Terbaru

6/recent/ticker-posts

Header Ads Widget

Judi Online yang Menggiurkan Bisakah Dihentikan?


TintaSiyasi.com - Maraknya judi online di kalangan masyarakat Indonesia makin mengkhawatirkan. Pusat Pelaporan dan Analisis Transaksi Keuangan (PPATK) mencatat adanya peningkatan penyebaran uang melalui transaksi judi online secara signifikan. Pada 2021 nilainya mencapai Rp.57 triliun dan pada 2022 nilainya naik menjadi Rp.81 triliun. Parahnya, masyarakat yang ikut judi online bukan hanya dari kalangan orang dewasa, tetapi anak SD-pun ada yang terjerat kasus judi online ini.

Kepala Biro Humas PPATK Natsir Kongah mengatakan adanya peningkatan jumlah laporan transaksi keuangan mencurigakan terkait judi online yang masuk ke PPTK. Pada 2021 jumlahnya sebanyak 3.446 dan melonjak pada tahun 2022 sebanyak 11.222. Selanjutnya, jumlah laporan pada Januari 2023 tercatat sebanyak 916 laporan, Februari sebanyak 831 laporan dan pada Mei naik menjadi 1.096 laporan (CNN Indonesia, 26-8-2023).

Kendati Kementerian Komunikasi dan Informatika (Kominfo) telah melakukan upaya pemblokiran ribuan situs judi online yang menyusupi situs-situs pemerintah sejak tahun lalu (tirto.id, 26-8-2023), nyatanya belum mampu menghentikan pertumbuhan pengguna judi online. Bahkan, pengamat sosial dari Universitas Indonesia (UI), Devie Rahmawati, mengatakan ¬judi online merupakan bisnis yang dilegalkan oleh berbagai negara, maka dalam hal ini tidak bisa mengandalkan negara untuk memblokir karena akan terus ada sampai kapanpun. Devie juga menjelaskan bahwa judi online saat ini dikemas seperti gim, sehingga banyak penggunanya yang berasal dari kelompok anak dan remaja. Ditambah lagi, karena tampilannya seperti gim membuat masyarakat Indonesia menganggap ini bukanlah sesuatu hal yang berbahaya. (mediaindonesia, 27-8-2023).

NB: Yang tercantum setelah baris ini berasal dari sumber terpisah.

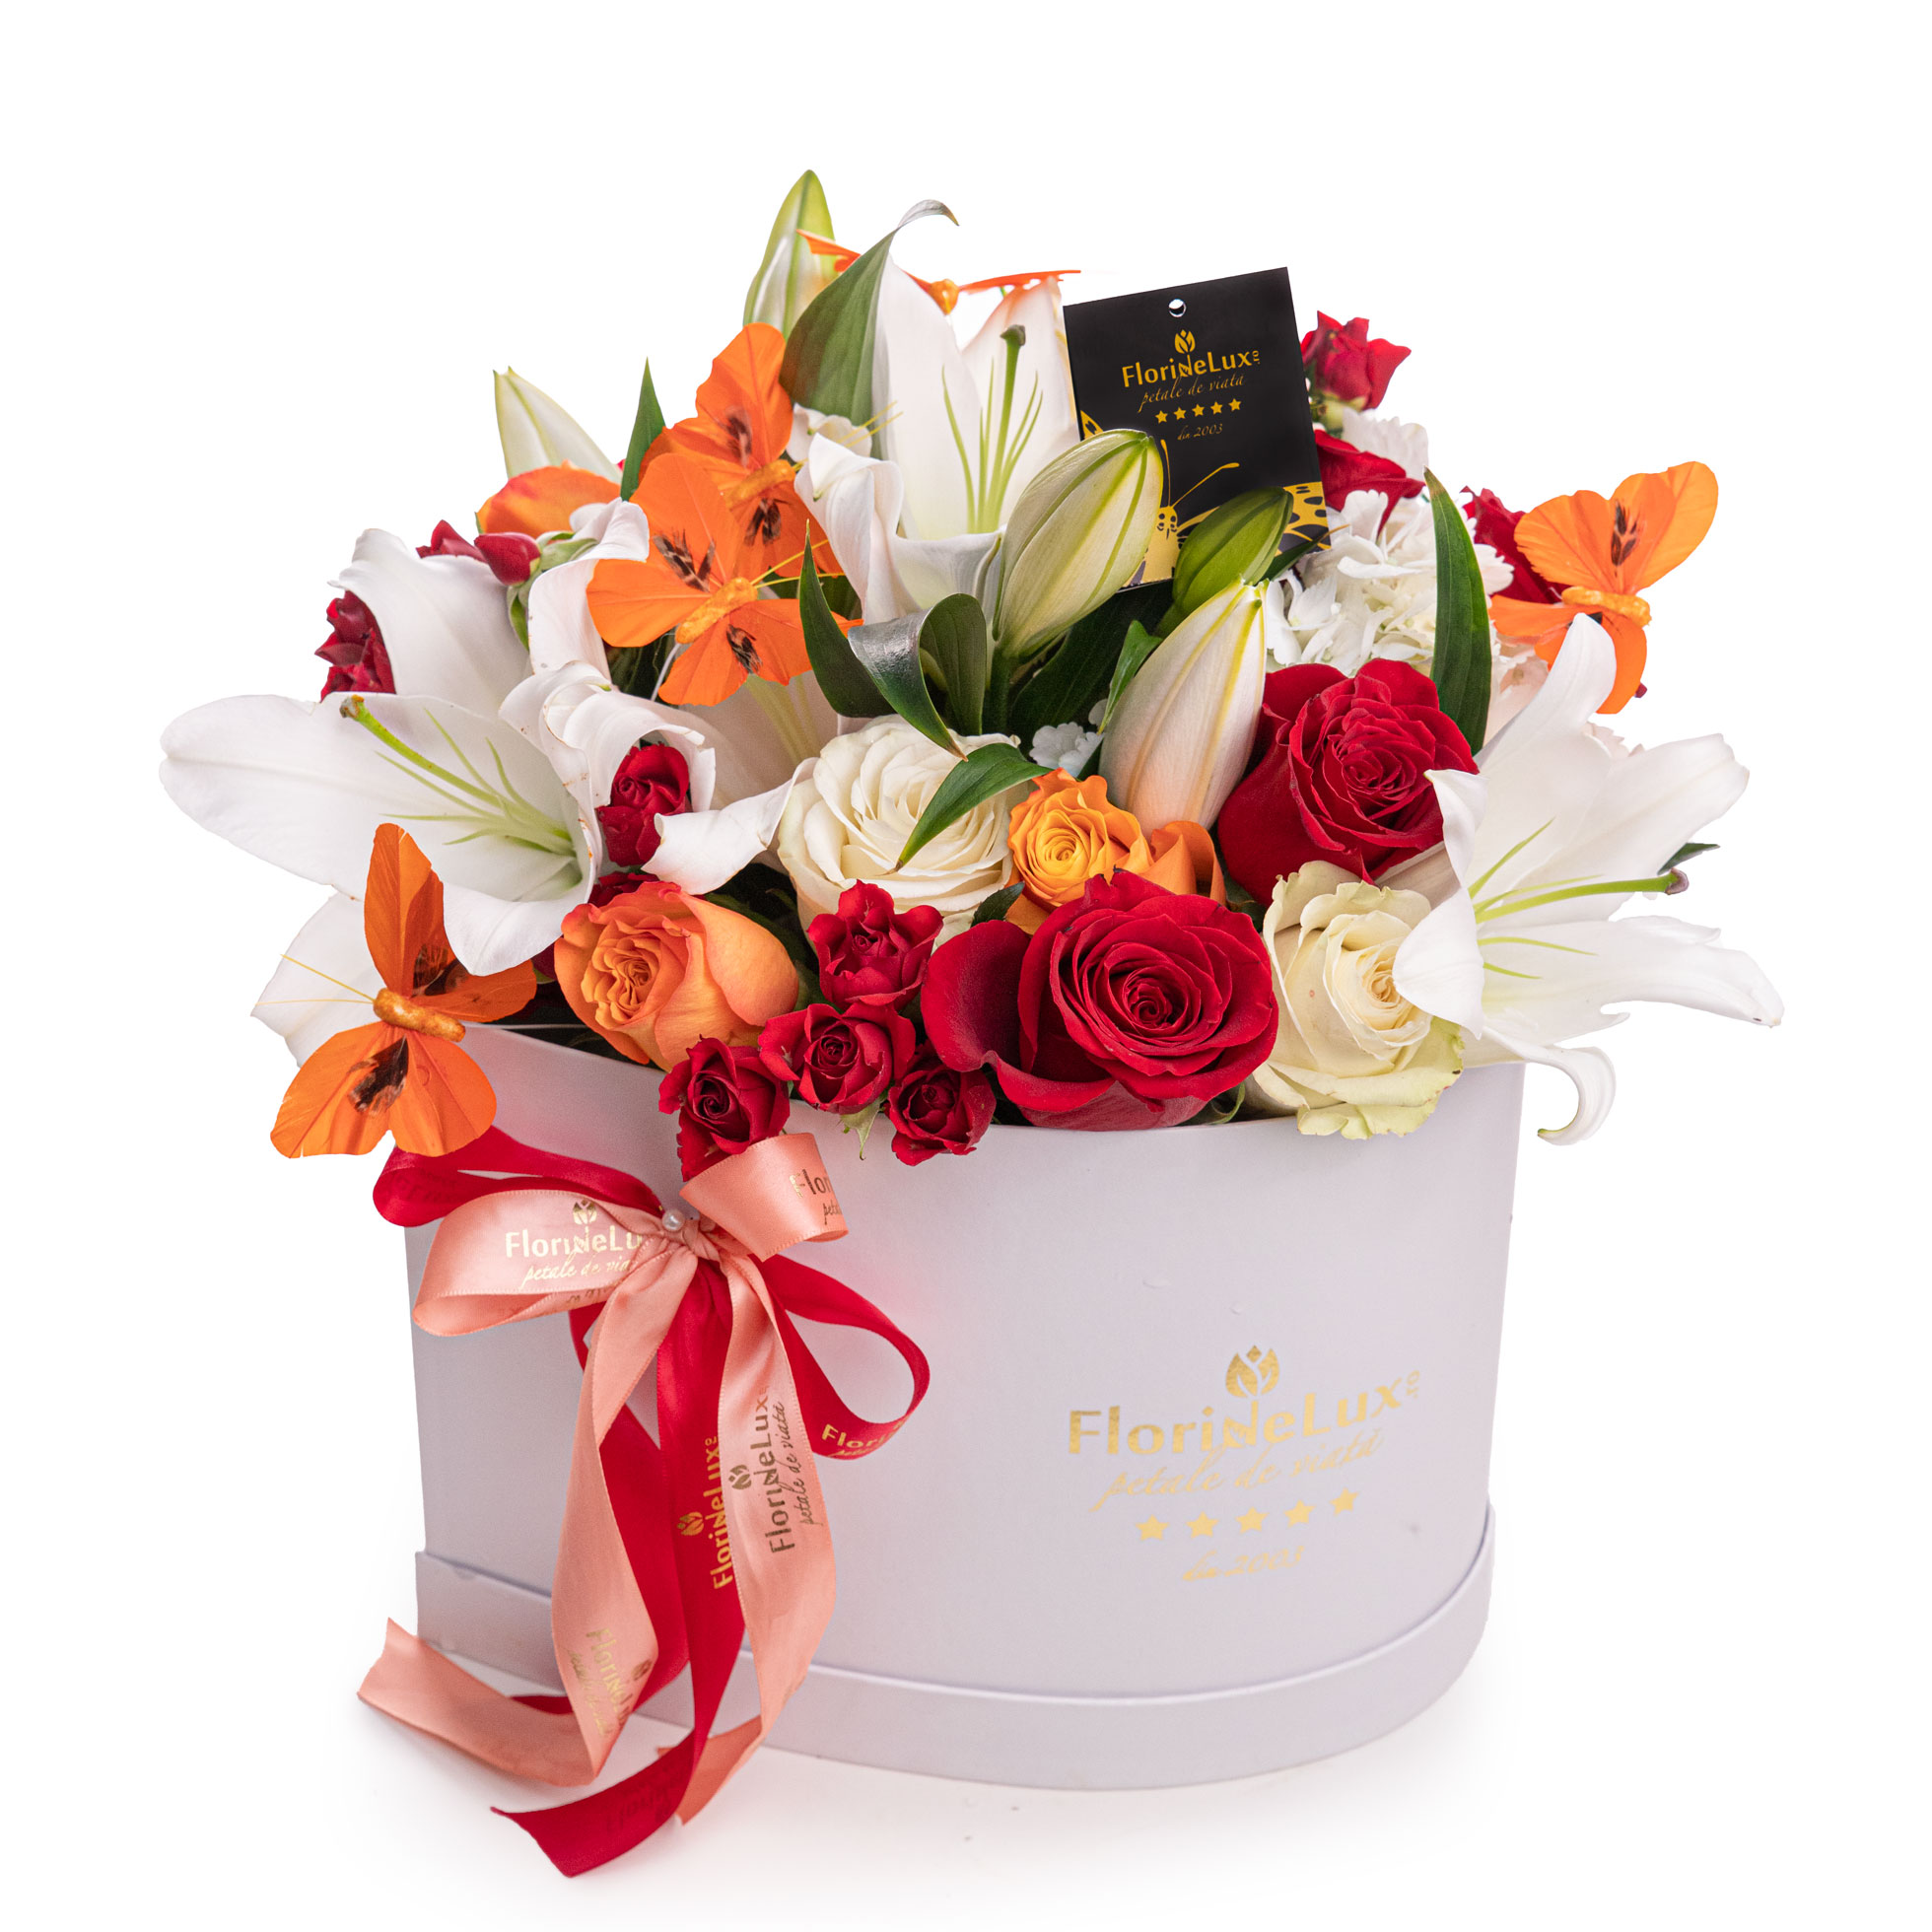 Aranjament floral in cutie cu trandafiri, crini si hortensie

Bertambah maraknya judi online saat ini menggambarkan bahwa masyarakat telah memandangnya sebagai bisnis yang menggiurkan. Apalagi di tengah sulitnya memenuhi kebutuhan dasar hidup, judi dipandang sebagai jalan pintas untuk menjadi kaya dan bangkit dari keterpurukan. Inilah cara pandang masyarakat yang telah dipengaruhi paham kapitalisme yang menjadikan perolehan materi sebagai tujuan utama hidupnya, tidak peduli apakah cara perolehan materi tersebut melalui cara yang benar atau tidak, halal atau haram. Cara pandang seperti inilah yang membuat masyarakat ingin meraih kekayaan dengan cara instan.

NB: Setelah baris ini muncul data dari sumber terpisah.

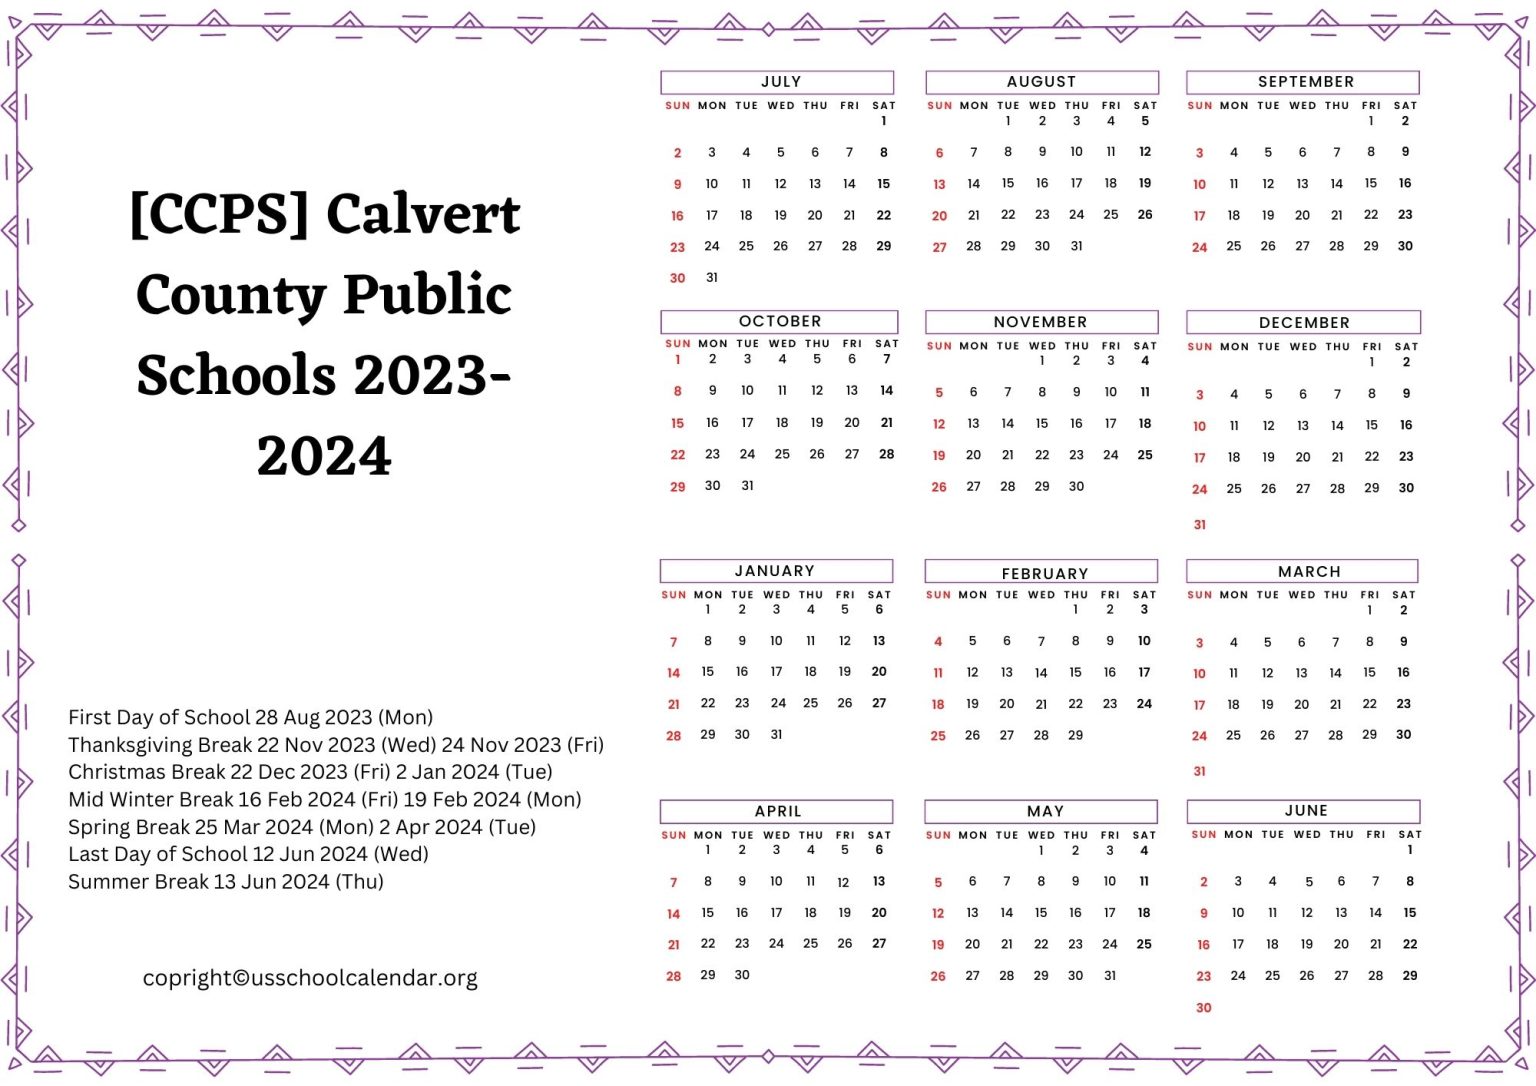 CCPS Calvert County Public Schools Calendar for 2023 2024

Hal ini tidak luput dari kurikulum sistem pendidikan saat ini, di mana nilai bagus dijadikan sebagai tujuan, karena merupakan salah satu syarat mendapatkan pekerjaan dengan gaji yang tinggi. Belum lagi, masuknya paham sekularisme (memisahkan agama dari kehidupan) yang membuat lemah iman dan jauh dari aturan Allah. Jadi, sistem pendidikan semacam ini gagal membina dan mendidik untuk menjauhkan diri dari aktivitas yang dilarang agama termasuk judi.

Sistem ekonomi kapitalis yang diterapkan di negeri ini meniscayakan luasnya kemiskinan dan penguasaan sumber-sumber kekayaan rakyat oleh segelintir orang yang bermodal besar. Alhasil, tidak ada jaminan pekerjaan bagi rakyat, sebab penguasa menyerahkan pembukaan lapangan pekerjaan kepada swasta yang berorientasi bisnis. Rakyat juga sulit mengakses pelayanan pendidikan dan kesehatan, karena pemberian pelayanan tersebut dikelola oleh swasta. Akhirnya, masyarakat nekat bermaksiat demi mendapatkan uang untuk melangsungkan kehidupan.

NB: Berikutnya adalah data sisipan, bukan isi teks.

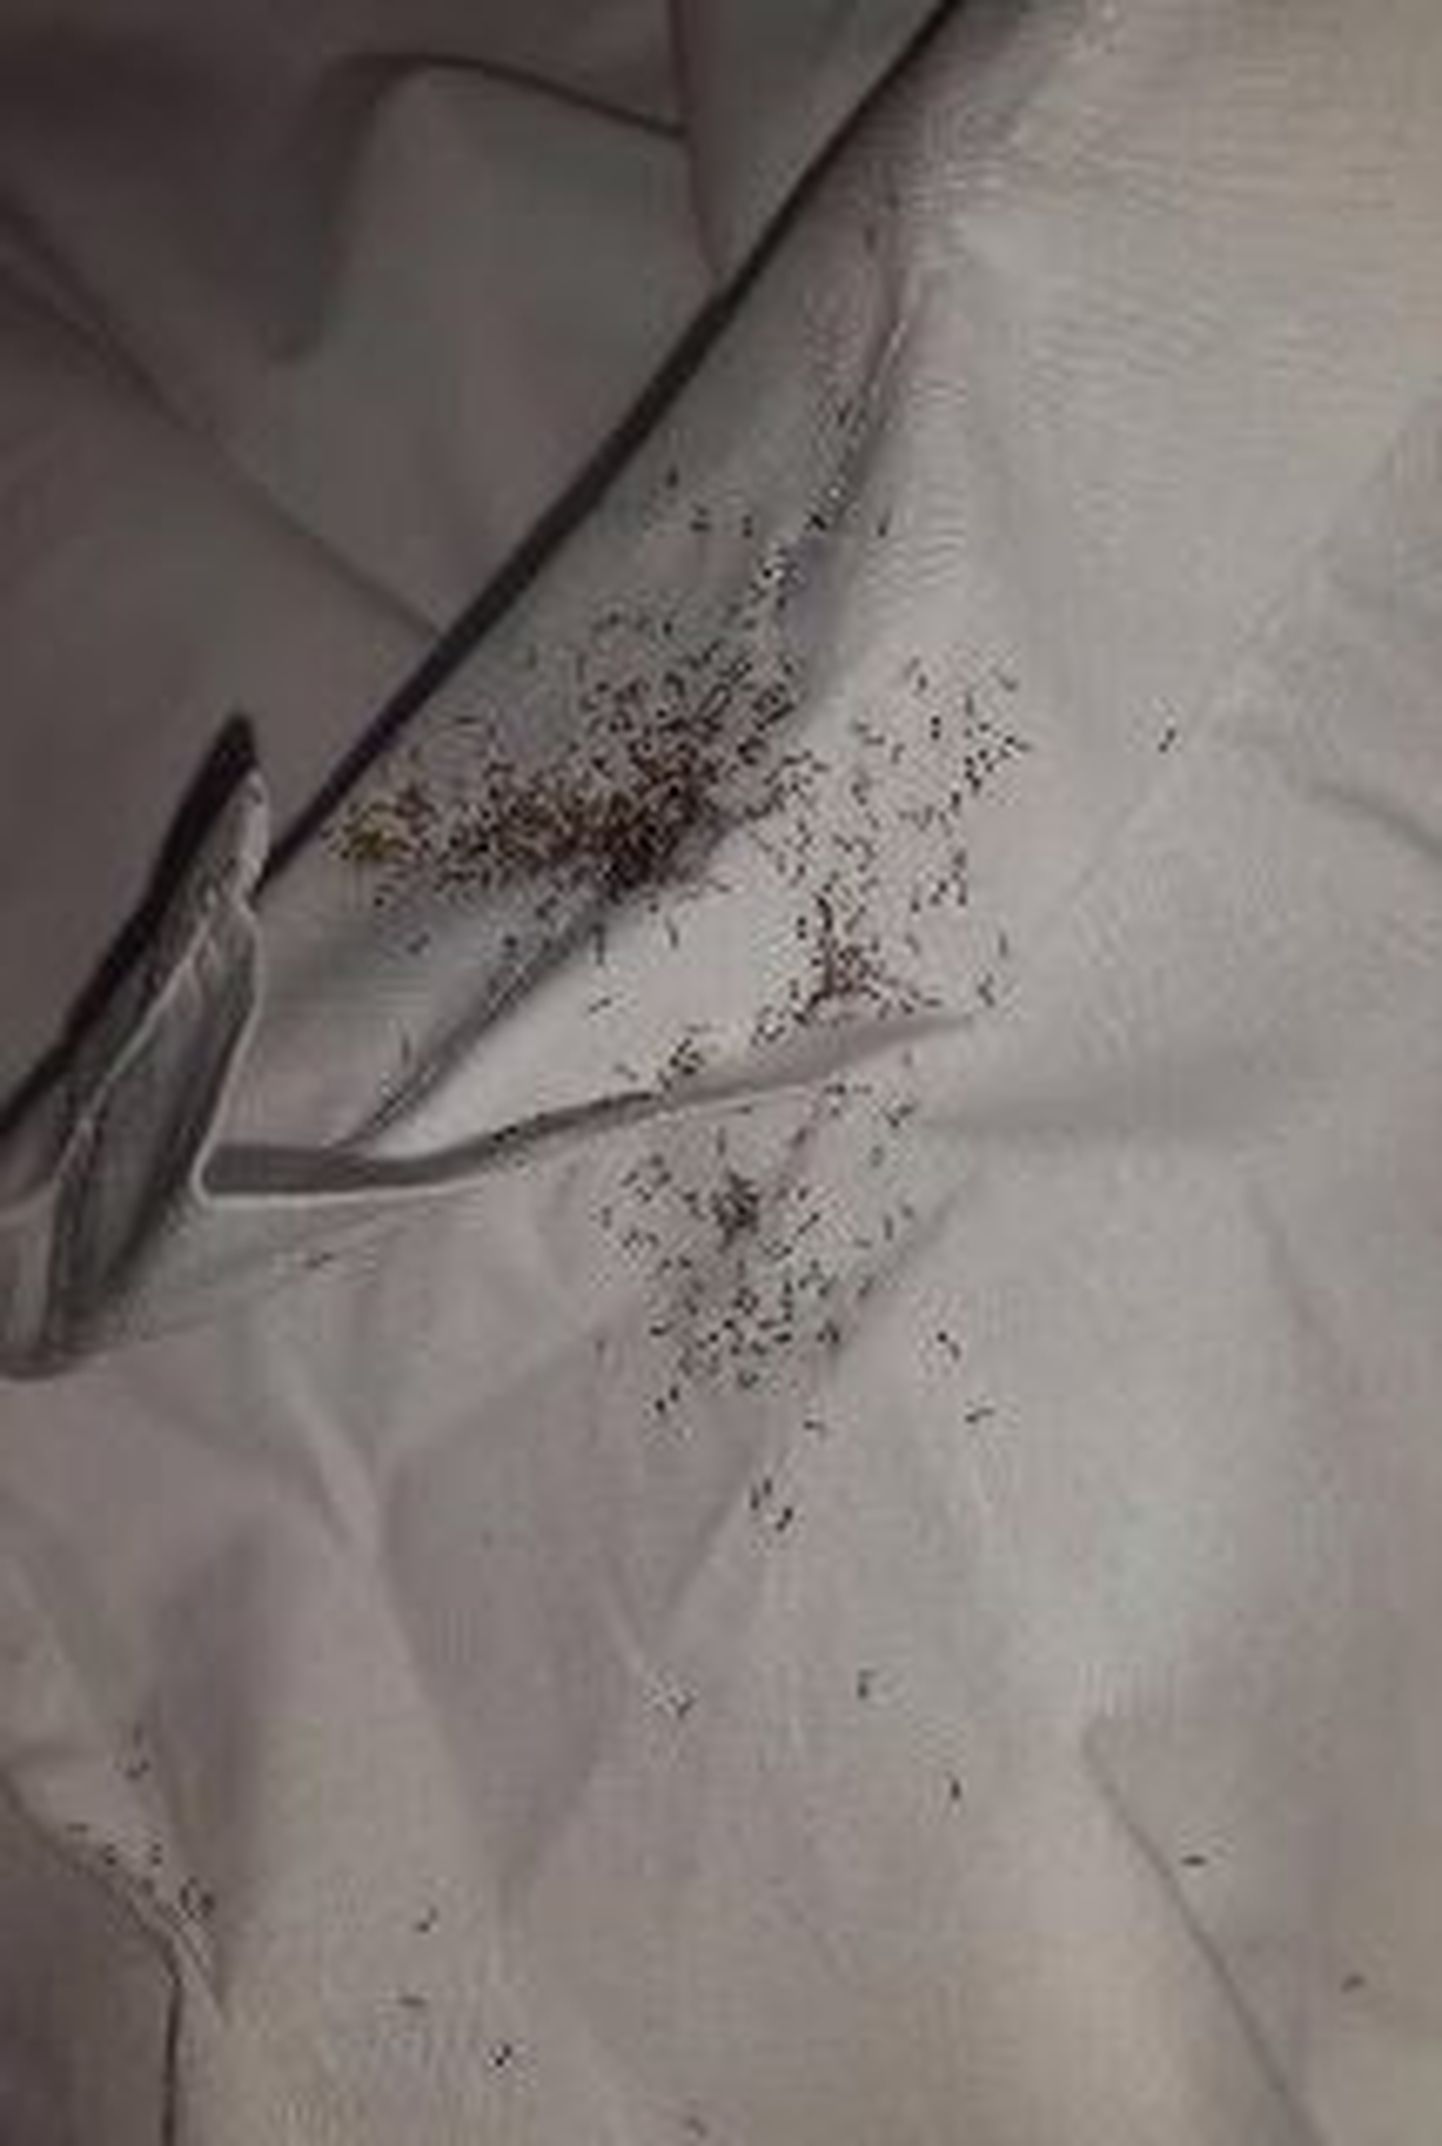 Fernando Muslera tehtud foto oma voodis olevatest putukatest.

Meski negara telah melarang praktik perjudian dan menghapus ribuan situs judi online, namun aturan dan cara tersebut nyatanya gagal menghentikan perjudian di negeri ini. Sebab, aturan yang diberlakukan tidak menyentuh akar persoalan maraknya kasus perjudian. Maka sudah dipastikan, problem utamanya ialah diterapkannya sistem kapitalis-sekuler. Oleh karena itu, masyarakat harus beralih pada sistem yang mampu menjamin kemuliaan hidup manusia, menjadikan aturan Allah (Sang Pencipta) sebagai satu-satunya pijakan dan menghapus segala kemaksiatan, sebagaimana dalam sistem Islam (khilafah).

Dalam Islam, perjudian adalah perbuatan yang haram, Allah SWT berfirman dalam QS. Al-Maidah ayat 90, “Wahai orang-orang yang beriman, sesungguhnya (meminum) khamr, berjudi, (berkorban) untuk berhala, mengundi nasib dengan anak panah adalah termasuk perbuatan syaitan. Maka jauhilah perbuatan-perbuatan itu agar kamu mendapat keberuntungan.” 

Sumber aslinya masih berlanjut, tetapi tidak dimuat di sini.